My brother-in-law brought up that many (he says 70%) of the Muslims in the world believe that it was not really Muslims who committed the September 11 attack. I pointed out to him that they were in denial because they didn’t want to believe that people of their faith could do something so horribly immoral. By the same token people like my brother-in-law are in denial about wrongs committed by the Bush Administration and the Republican Party. They refuse to believe that people of their party do the things they do. So they find others to blame. Usually it is liberal Democrats who bear their blame just as the Muslims he speaks of say Bush and Israel were behind 9/11. Conservatives convince themselves that they alone love America and that liberals hate our country. Therefore liberals should not be listened to, and conservatives despite whatever failures they may have are the only ones to listen to.
I’ll try not to follow either of these models. The Democratic Party has made many mistakes, and I will point out any the new majority in Congress make, here in this blog. I’ll leave denial as a river in Egypt.
I spent the day before Christmas Eve with my side of the family. It was a wonderful day. My wife’s family are great people, too. Most of them.
I had to spend Christmas Eve and Christmas Day with my brother-in-law. He’s a die-hard conservative Republican Bush supporter. He is supposed to be well educated: bachelors from the University of Virginia and a law degree from Harvard Law School. I have no proof he actually earned these degrees, but I have to give him the benefit of the doubt.
The Christmas Eve political debate at dinner was as turbulent as I expected. As usual he spent most of the time shouting over me and interrupting me. If you ever watch Bill O’Reilly (one of my brother-in-law’s heroes) interview someone he disagrees with, you will see the same technique. Conservatives, I believe, secretly realize that many of their arguments are without merit or have only a tenuous connection with reality, so screaming and interrupting those they disagree with is the only way to “win” an argument. They must interrupt and talk over their opponents because they fear the inadequacies of their own positions will become apparent to others.

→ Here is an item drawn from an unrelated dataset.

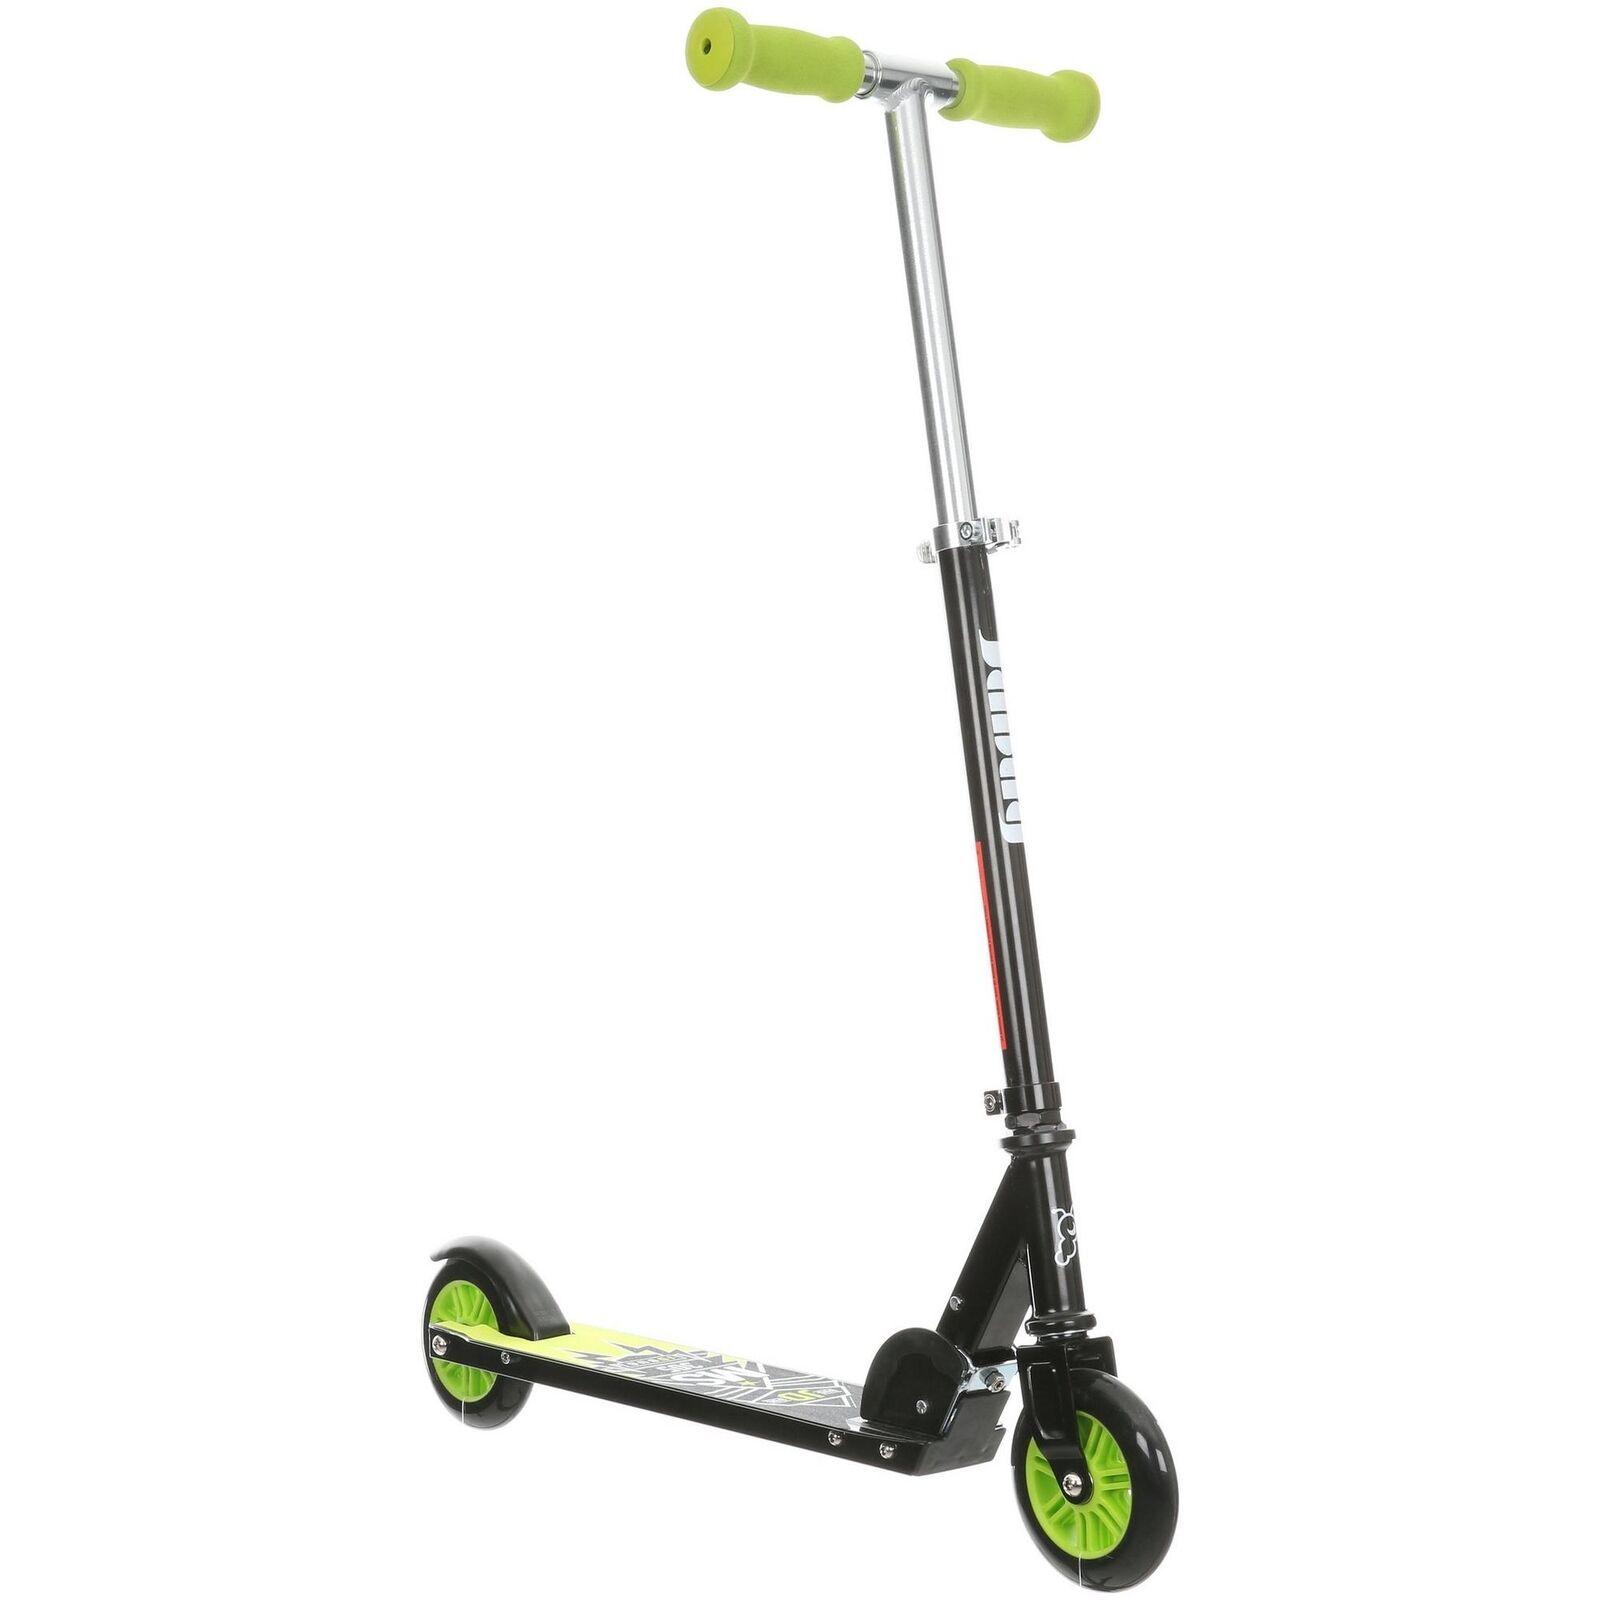 JD Bug Classic 4 Scooter 2017 Aluminium Frame Kids Ride Foldable 2 Wheels
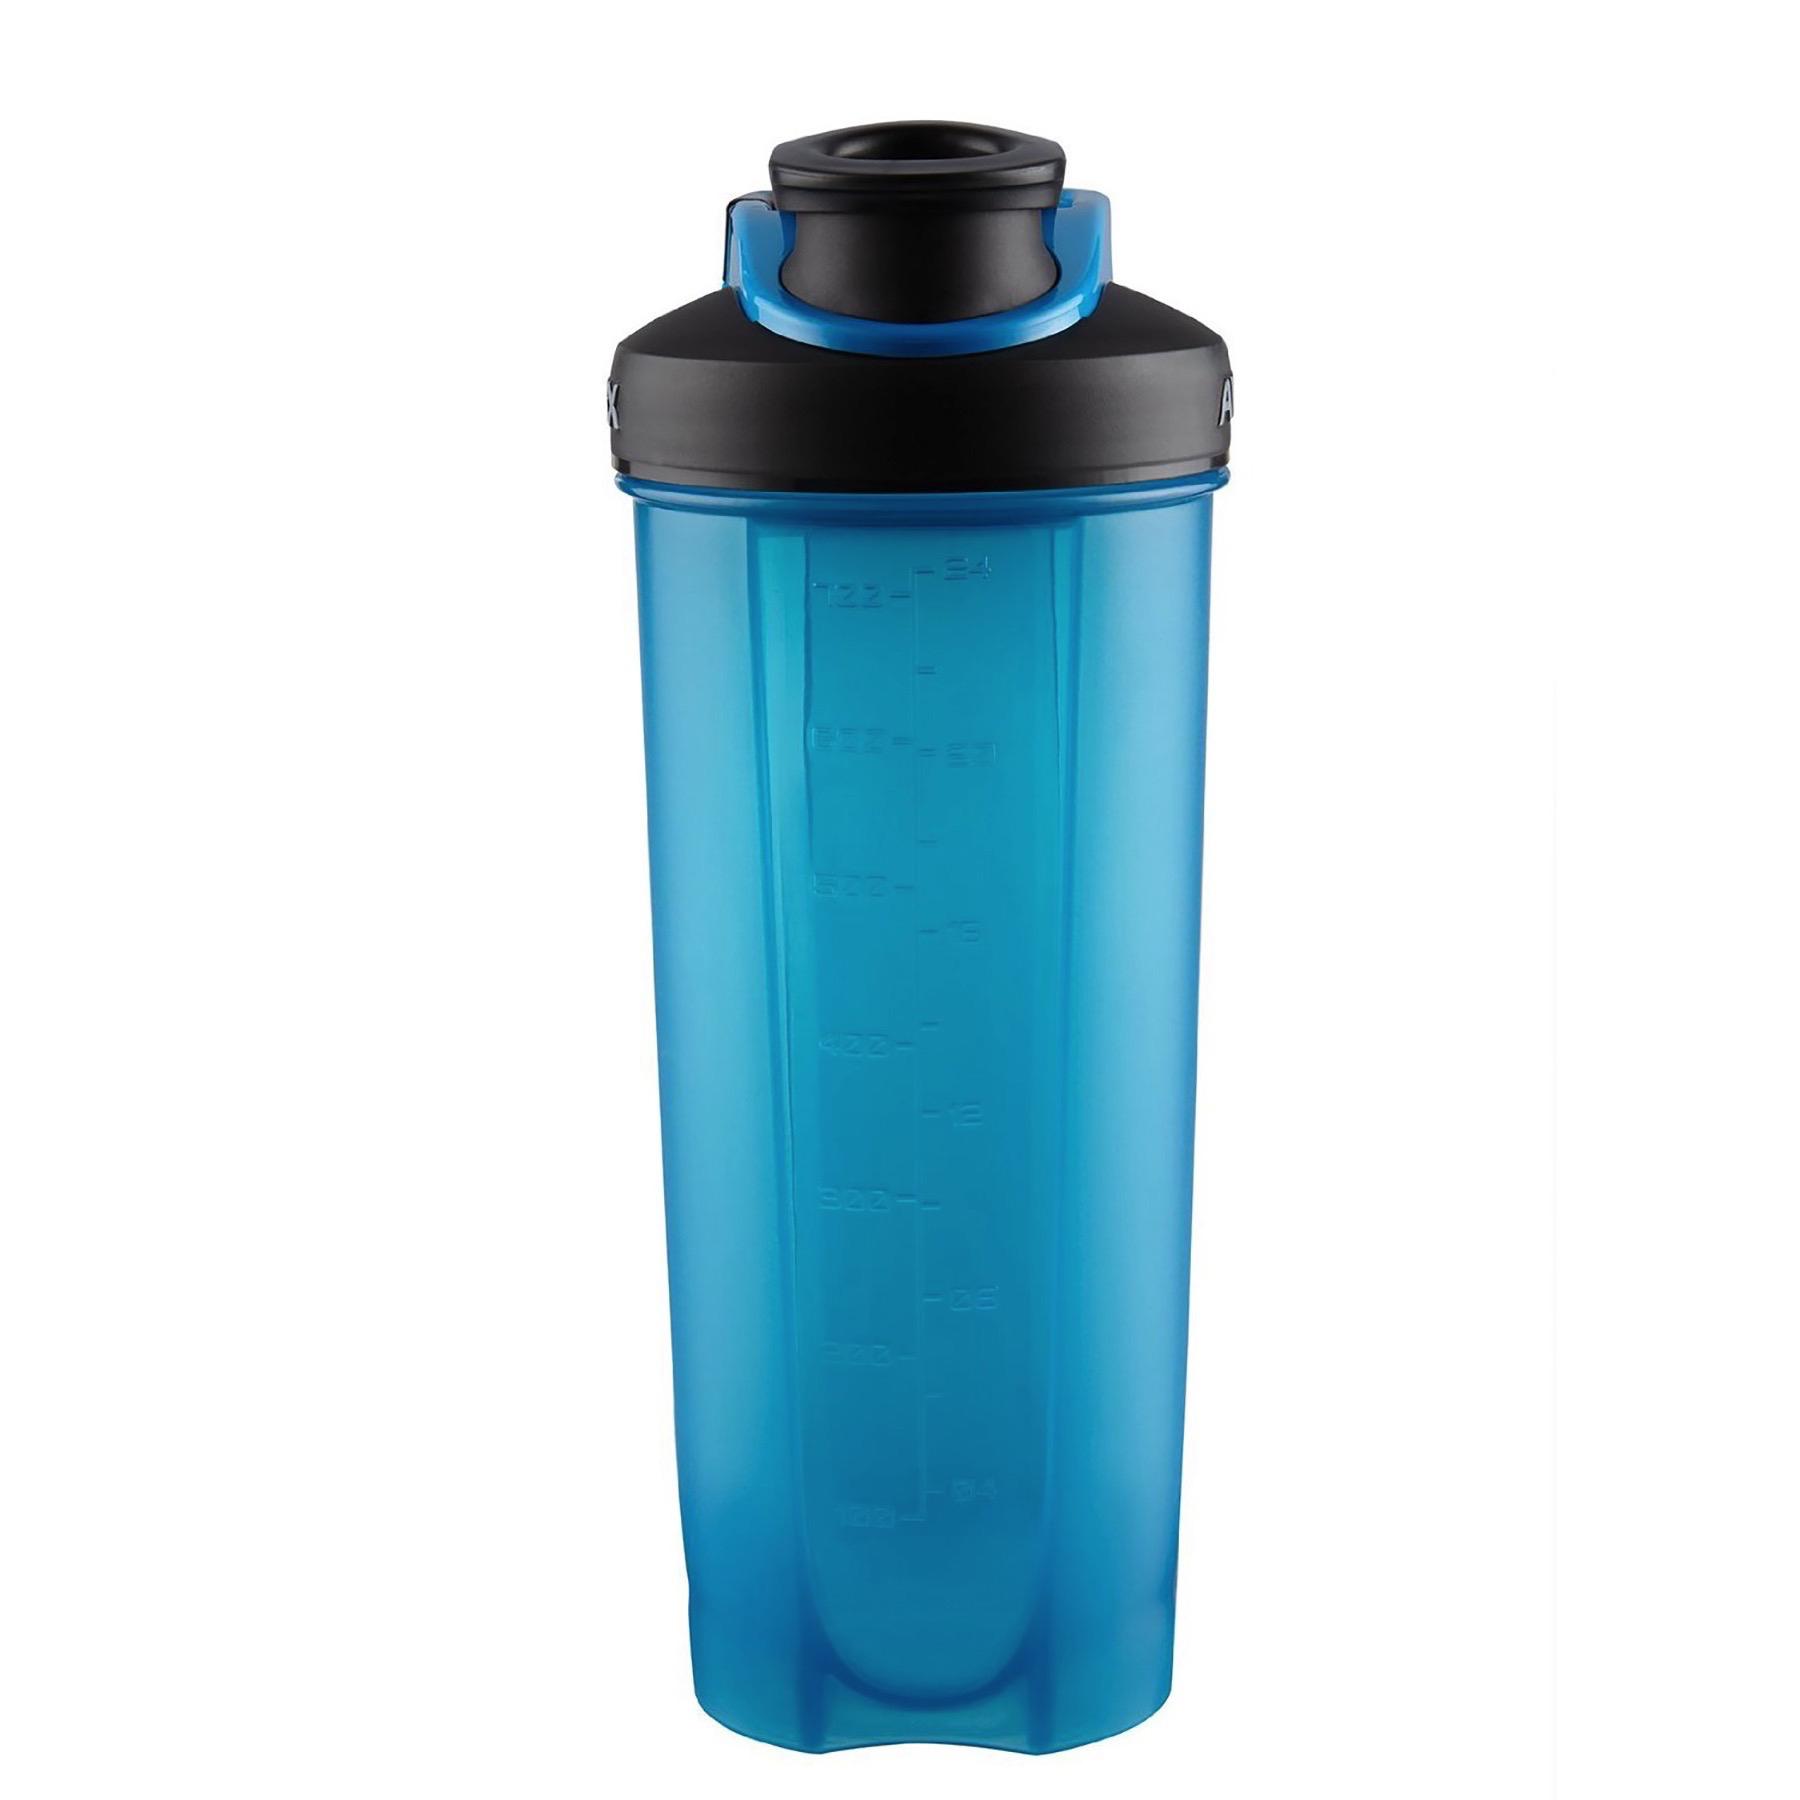 Protein Shaker Net: Avex MixFit Shaker 28oz Blue/Black W/Electric Blue

Christmas Day’s discussion was more civil because I bent over backwards trying to find some common ground between us. I found that after about 40 minutes of doing this (and it was a struggle to find agreement points, but I did find some) his tone lowered to a normal level, and his interrupting became less frequent but did not entirely disappear. I believe I calmed him and convinced him that I was not going to topple his house of cards, and in the end he granted some concession points that I was pleasantly surprised to receive.
My sister-in-law and brother-in-law know that I have voted for and supported Democratic candidates, but I usually avoid political discussions with him (I don’t relish being shouted at or interrupted) and have never used the L word in his presence. It causes him to explode.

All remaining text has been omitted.